It was not until 1258, by means of the Treaty of Corbeil, that the king of France formally relinquished his feudal lordship over the counties of the Principality of Catalonia to the king of Aragon James I, descendant of Ramon Berenguer IV. This Treaty transformed the country's de facto independence into a de jure direct transition from French to Aragonese rule. It also solved a historic incongruence. As part of the Crown of Aragon, Catalonia became a great maritime power, helping to expand the Crown by trade and conquest into the Kingdom of Valencia, the Balearic Islands, and even Sardinia or Sicily.

In 1410, King Martin I died without surviving descendants. As a result, by the Pact of Caspe, Ferdinand of Antequera from the Castilian dynasty of Trastamara, received the Crown of Aragon as Ferdinand I of Aragon.

His grandson, King Ferdinand II of Aragon married Queen Isabella I of Castile in 1469; retrospectively, this is seen as the dawn of the Kingdom of Spain. At that point both Castile and Aragon remained distinct territories, each keeping its own traditional institutions, Parliaments and laws. Political power began to shift away from Aragon toward Castile and, subsequently, from Castile to the Spanish Empire.

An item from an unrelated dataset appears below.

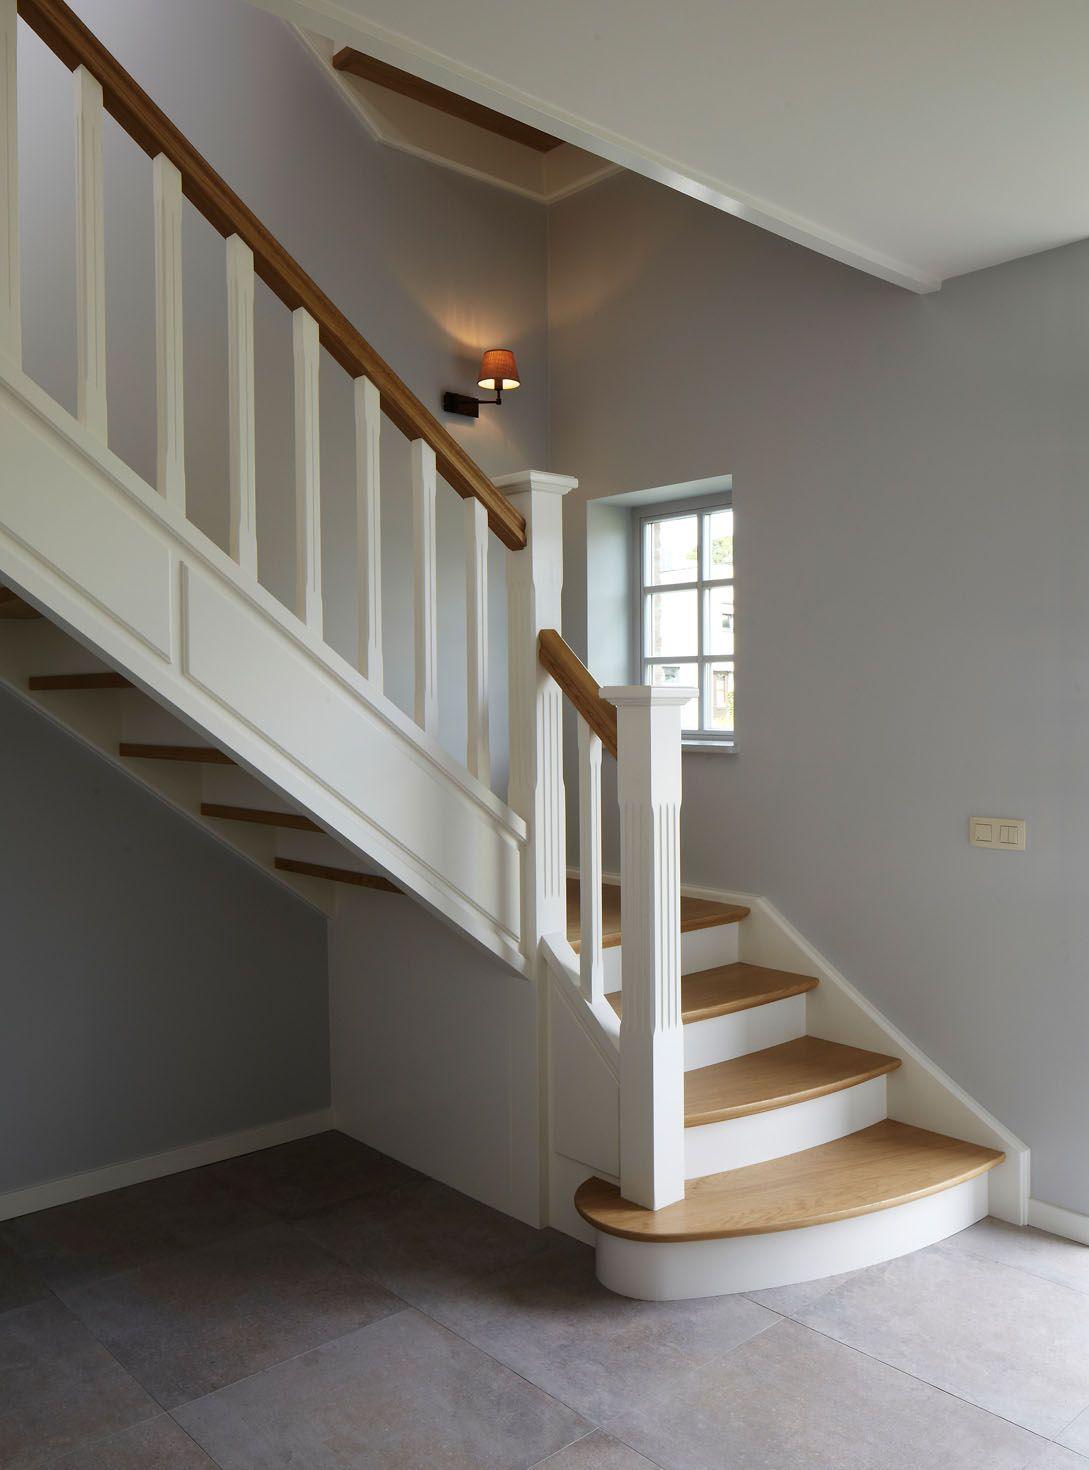 Landelijke trap landelijk wonen pinterest - Moderne trap kwartslag ...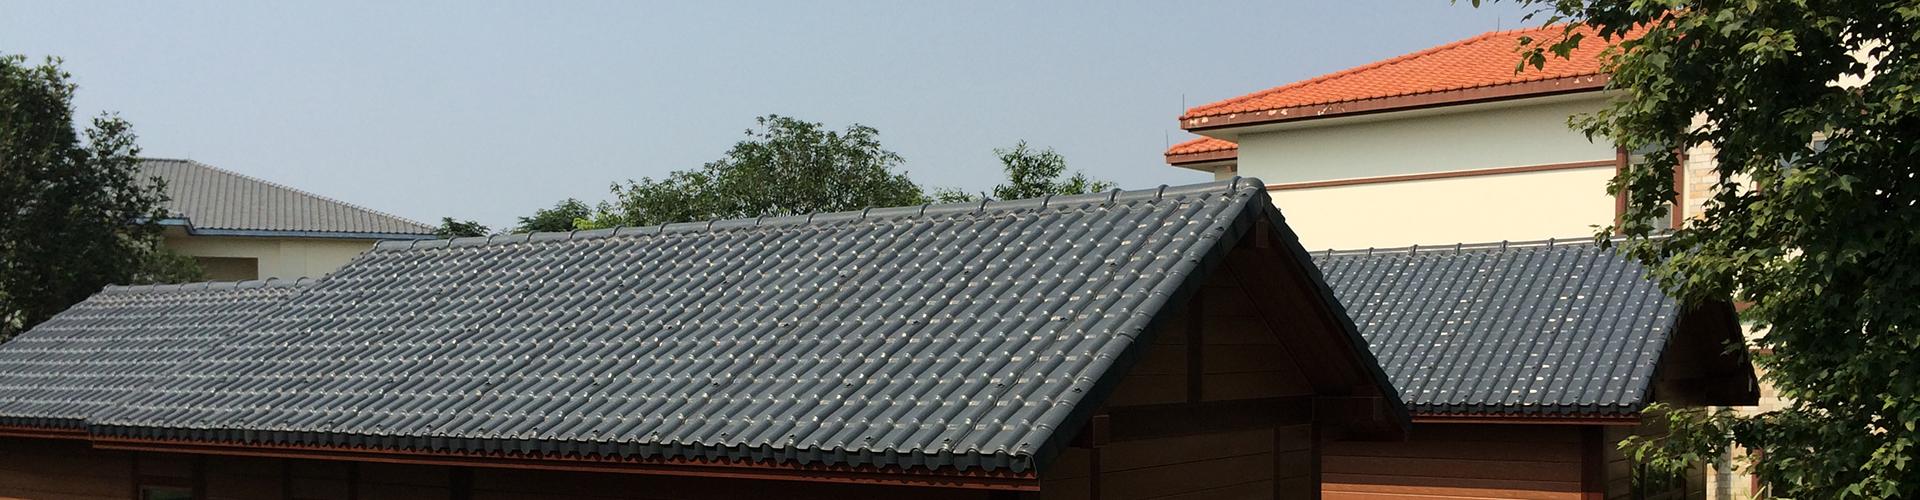 Gongli

For an extended period, Catalonia, as part of the former Crown of Aragon, continued to retain its own usages and laws, but these gradually eroded in the course of the transition from feudalism to a modern state, fueled by the kings' struggle to have more centralized territories. Over the next few centuries, Catalonia was generally on the losing side of a series of local conflicts that led steadily to more centralization of power in Spain, like the Reapers' War (1640–1652).

The most significant conflict was the War of the Spanish Succession, which began when Charles II of Spain (the last Spanish Habsburg) died without a successor in 1700. Catalonia, as the other territories which used to form the Crown of Aragon in the Middle Ages, mostly rose up in support of the Habsburg pretender Charles of Austria, while the rest of Spain mostly adhered to the French Bourbon claimant, Philip V. Following the fall of Barcelona on 11 September 1714, the 'special status' of the territories belonging to the former Crown of Aragon and its institutions were abolished by the Nueva Planta decrees, under which all its lands were incorporated, as provinces, into a united Spanish administration, as Spain moved towards a centralized government under the new Bourbon dynasty.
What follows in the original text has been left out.